Subjective selection criteria also inevitably favor the affluent and connected—as a comptroller’s audit of the screened-school admissions process revealed. The study found that most of the schools examined did not follow their stated selection criteria and could not explain the criteria that they actually did use. SHSAT opponents argue that elite colleges use a subjective admissions process rather than relying on a single test. But strong evidence exists suggesting that this process results in “Asian quotas” at the top colleges, reminiscent of those once imposed on Jews. As Northwestern’s Asian-American studies director put it in a 2012 New York Times op-ed, after noting that whites were three times as likely as Asians with the same scores to be admitted to elite colleges: “Sound familiar? In the 1920s, as high-achieving Jews began to compete with WASP prep schoolers, Ivy League schools started asking about family background and sought vague qualities like ‘character’ . . . and ‘leadership’ to cap Jewish enrollment.”

There is also a big difference between evaluating 17-year-old college applicants and 13-year-old high school applicants. The younger candidates have had far less opportunity to distinguish themselves on such vague qualities as “character” and “leadership.” A selection process based on these intangibles can easily fall prey to arbitrariness, prejudice, and parental gamesmanship.
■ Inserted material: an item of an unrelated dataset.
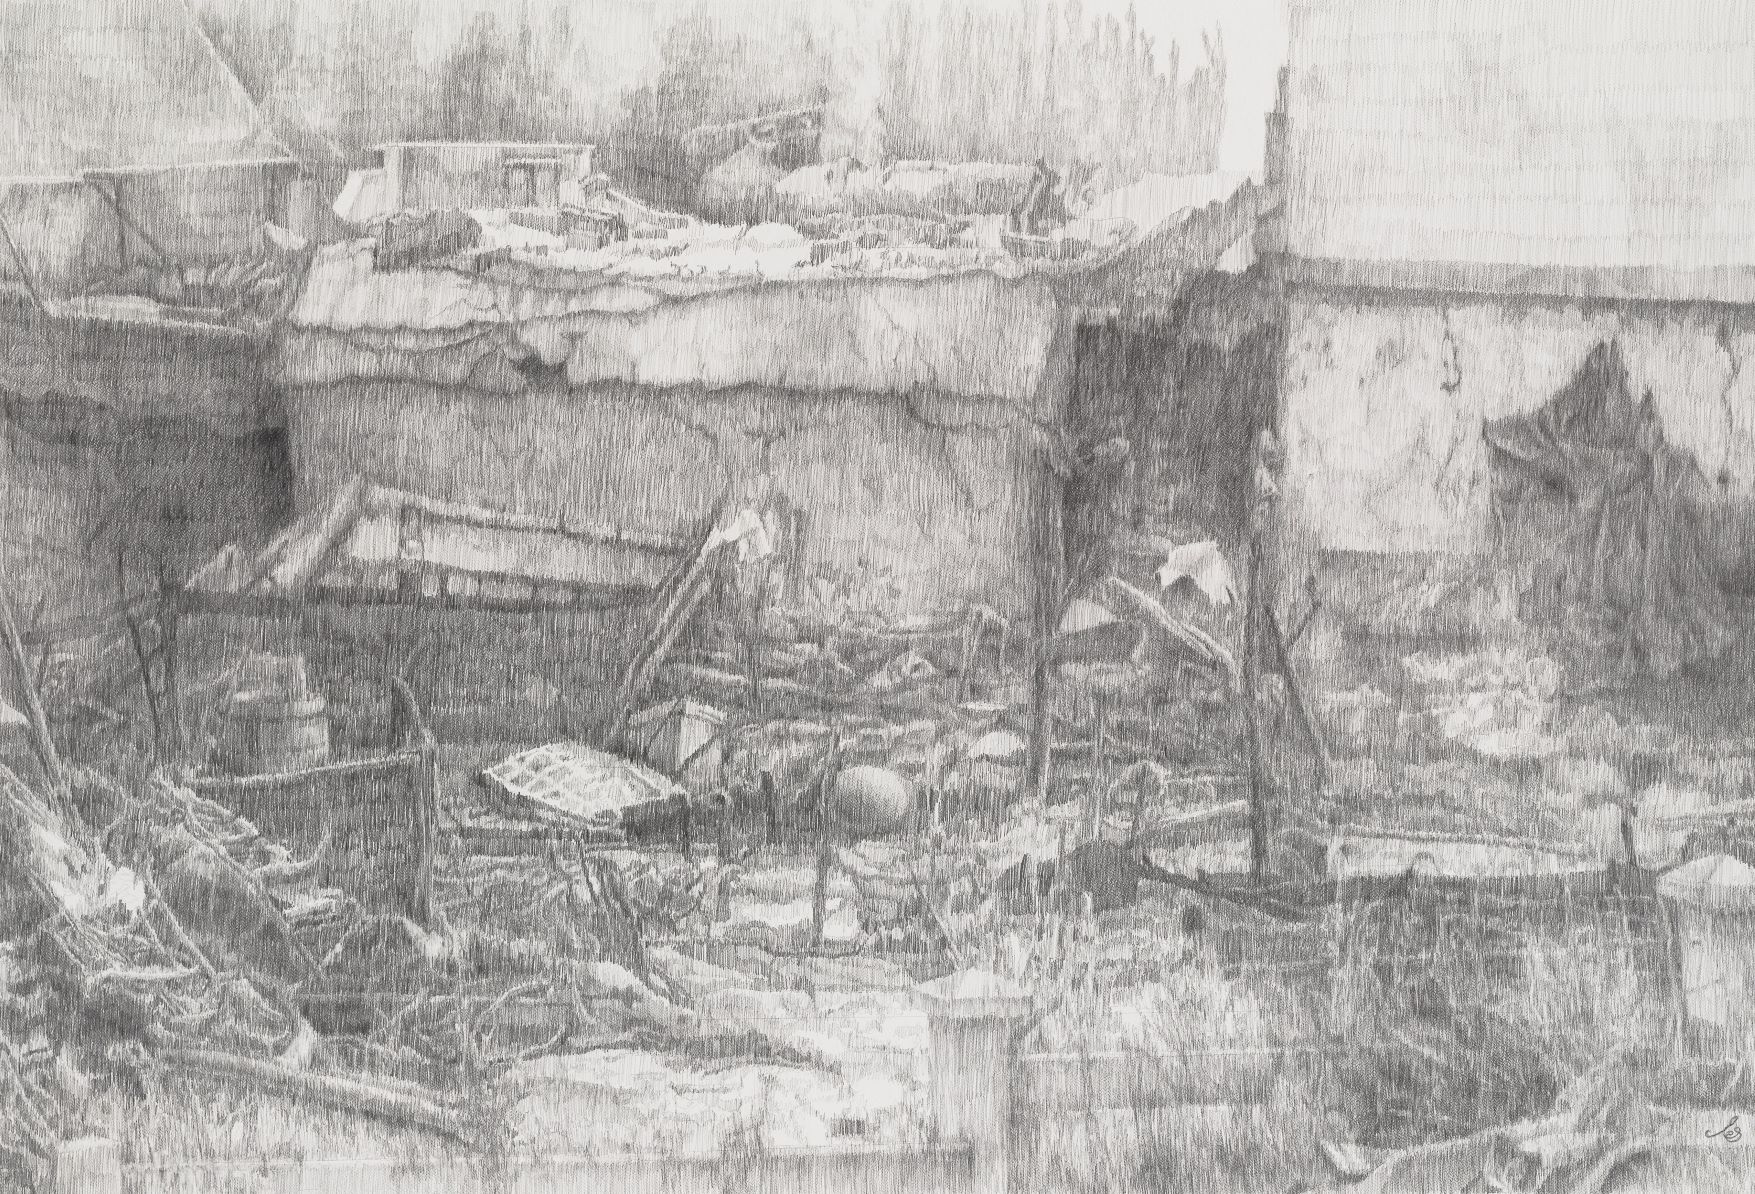 'Human Destruction', Esther Schnerr, Pencil on paper, 150 x 200 cm
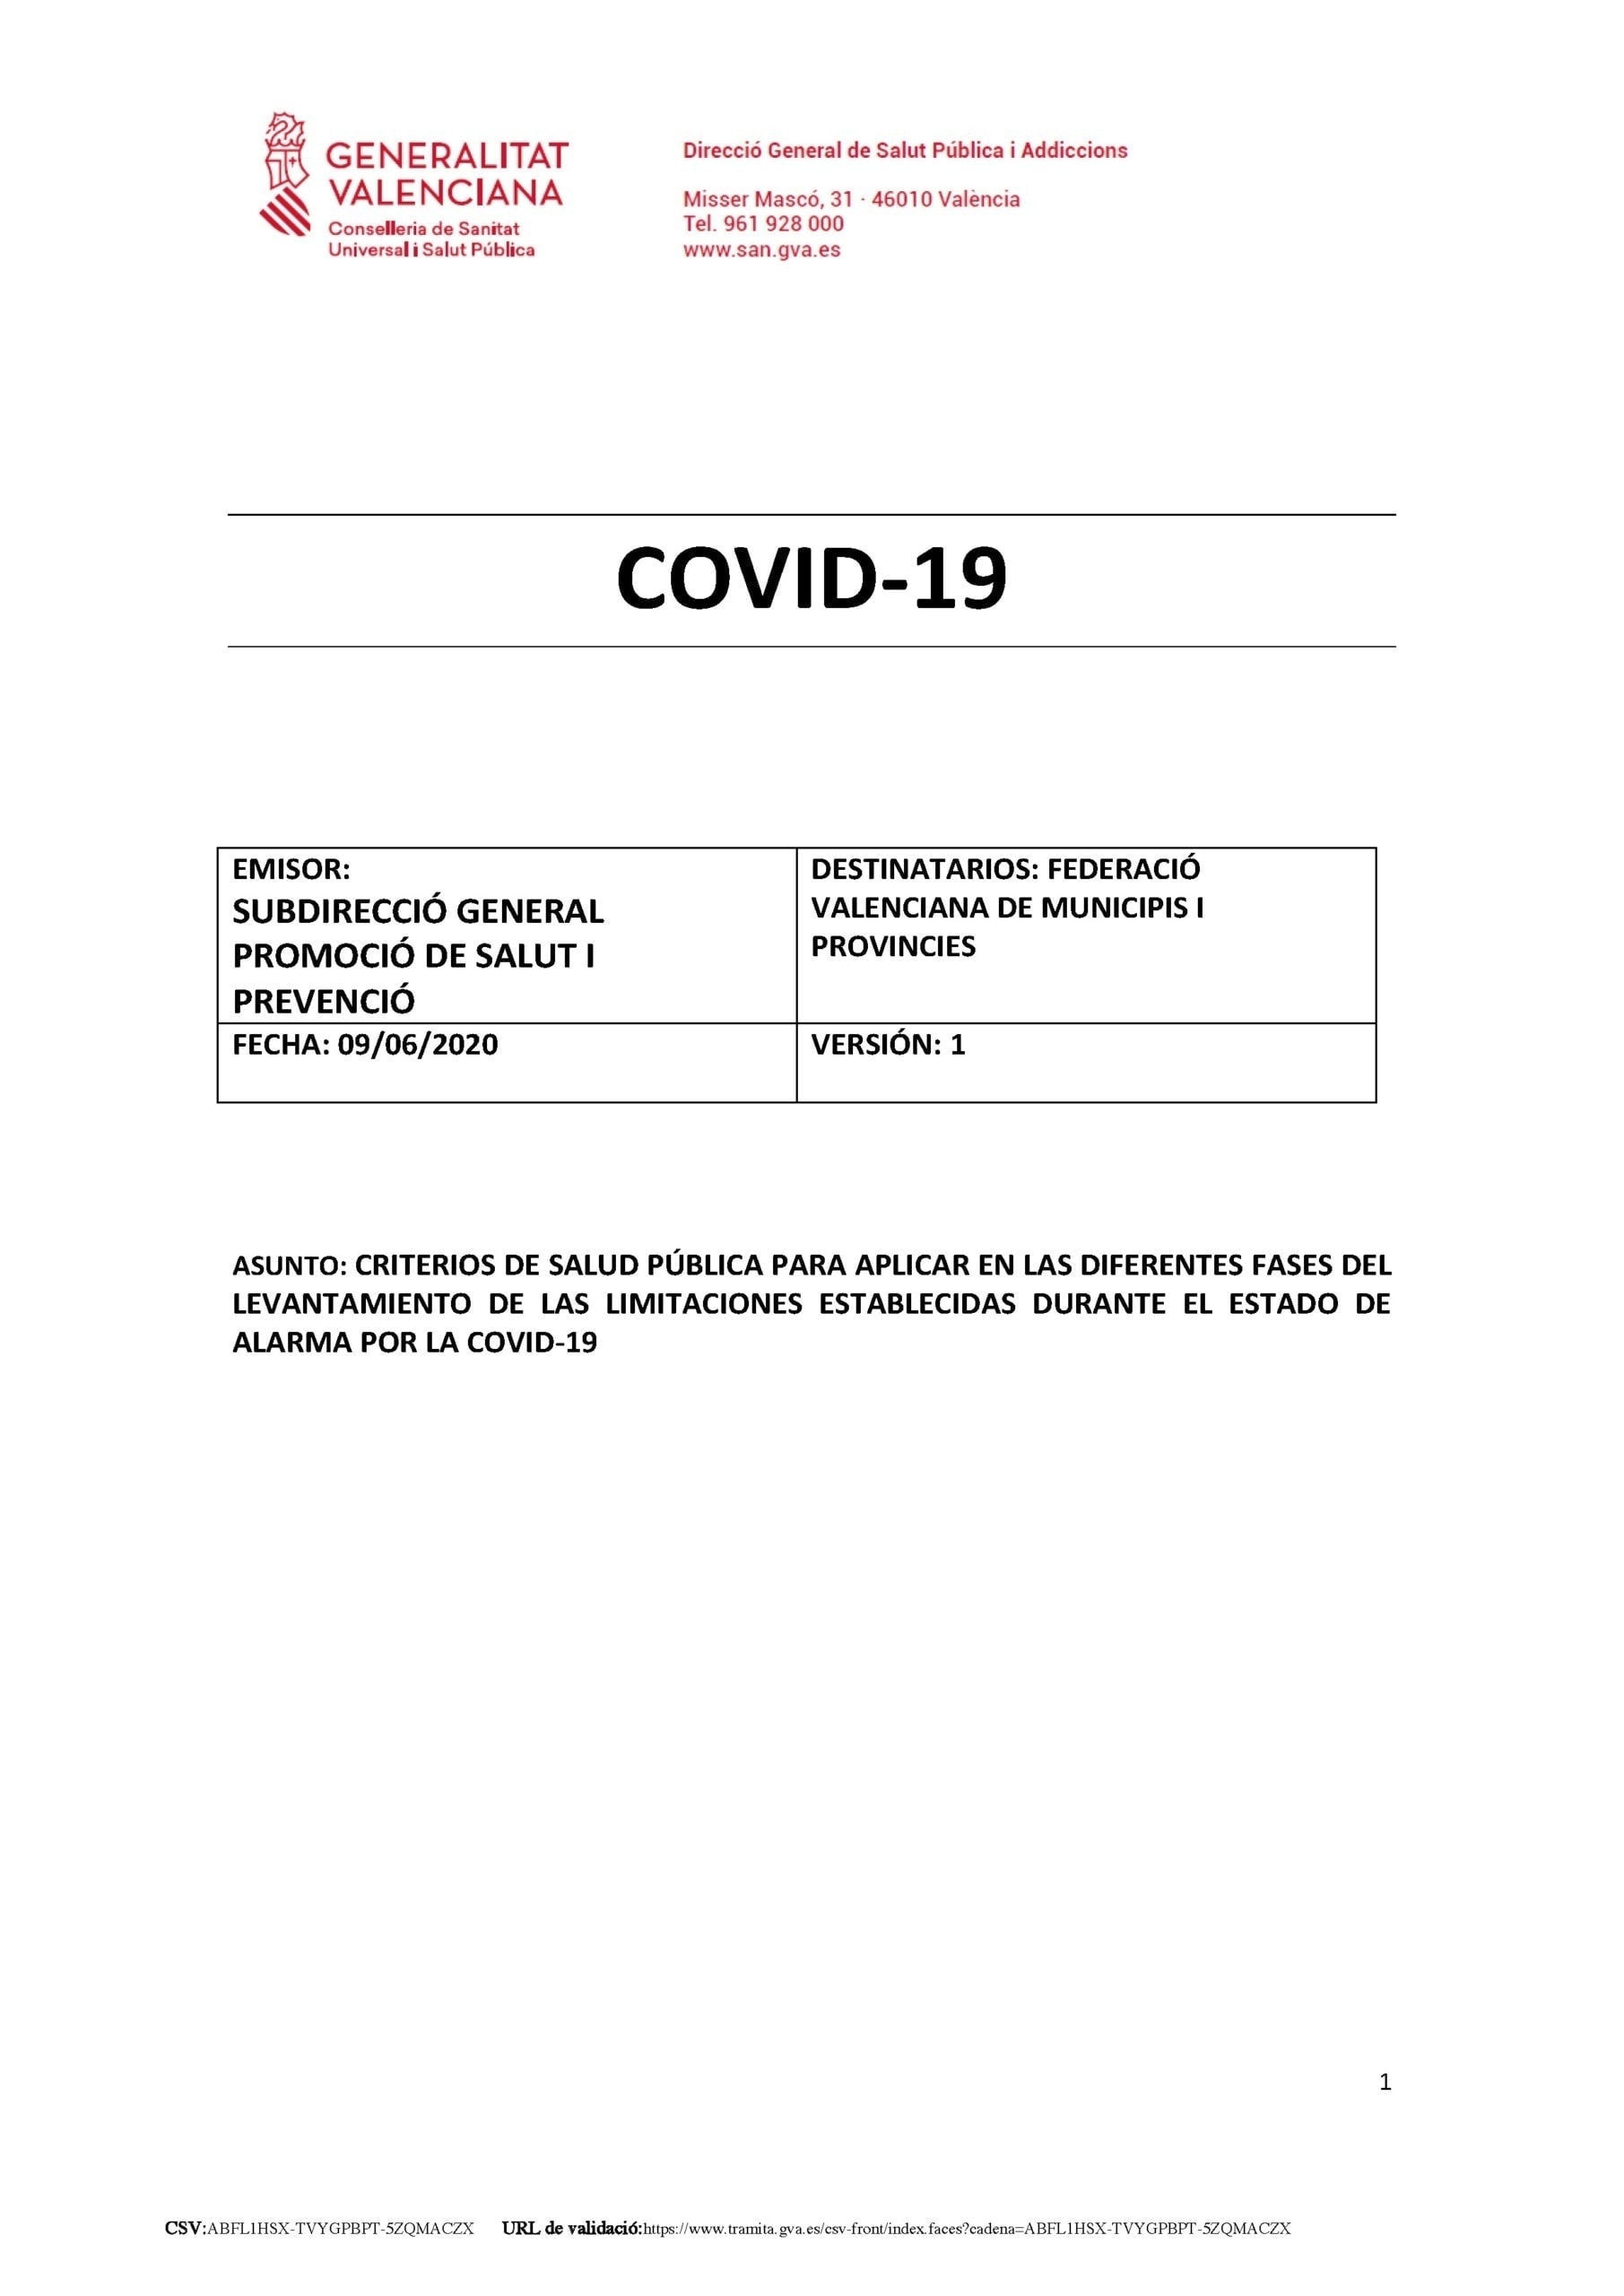 COVID-19 Subdirecció General de Salut i Prevenció

Critics of the SHSAT will reply that something must be done about declining black and Hispanic enrollment at the specialized high schools. The answer, however, can never be to lower objective standards. Doing so hurts everyone, including minority students. For all its other faults, Acorn was on the right track in 1997 when it wrote that the “question is not whether the entrance exam is unfair” but why minority students in the city school system “are so unprepared to take it.” The LDF and other progressive advocates have gone off course when they declare that “more test prep is not the answer” and dismiss spending long hours “furiously studying” as “wrongheaded” and futile. Adopting this cynical approach would do no favors for black and Latino children, while opening the door to discrimination against Asian kids like Ting. It is not the specialized schools’ emphasis on merit, but rather the advocates’ defeatist worldview that is truly—and tragically—wrongheaded.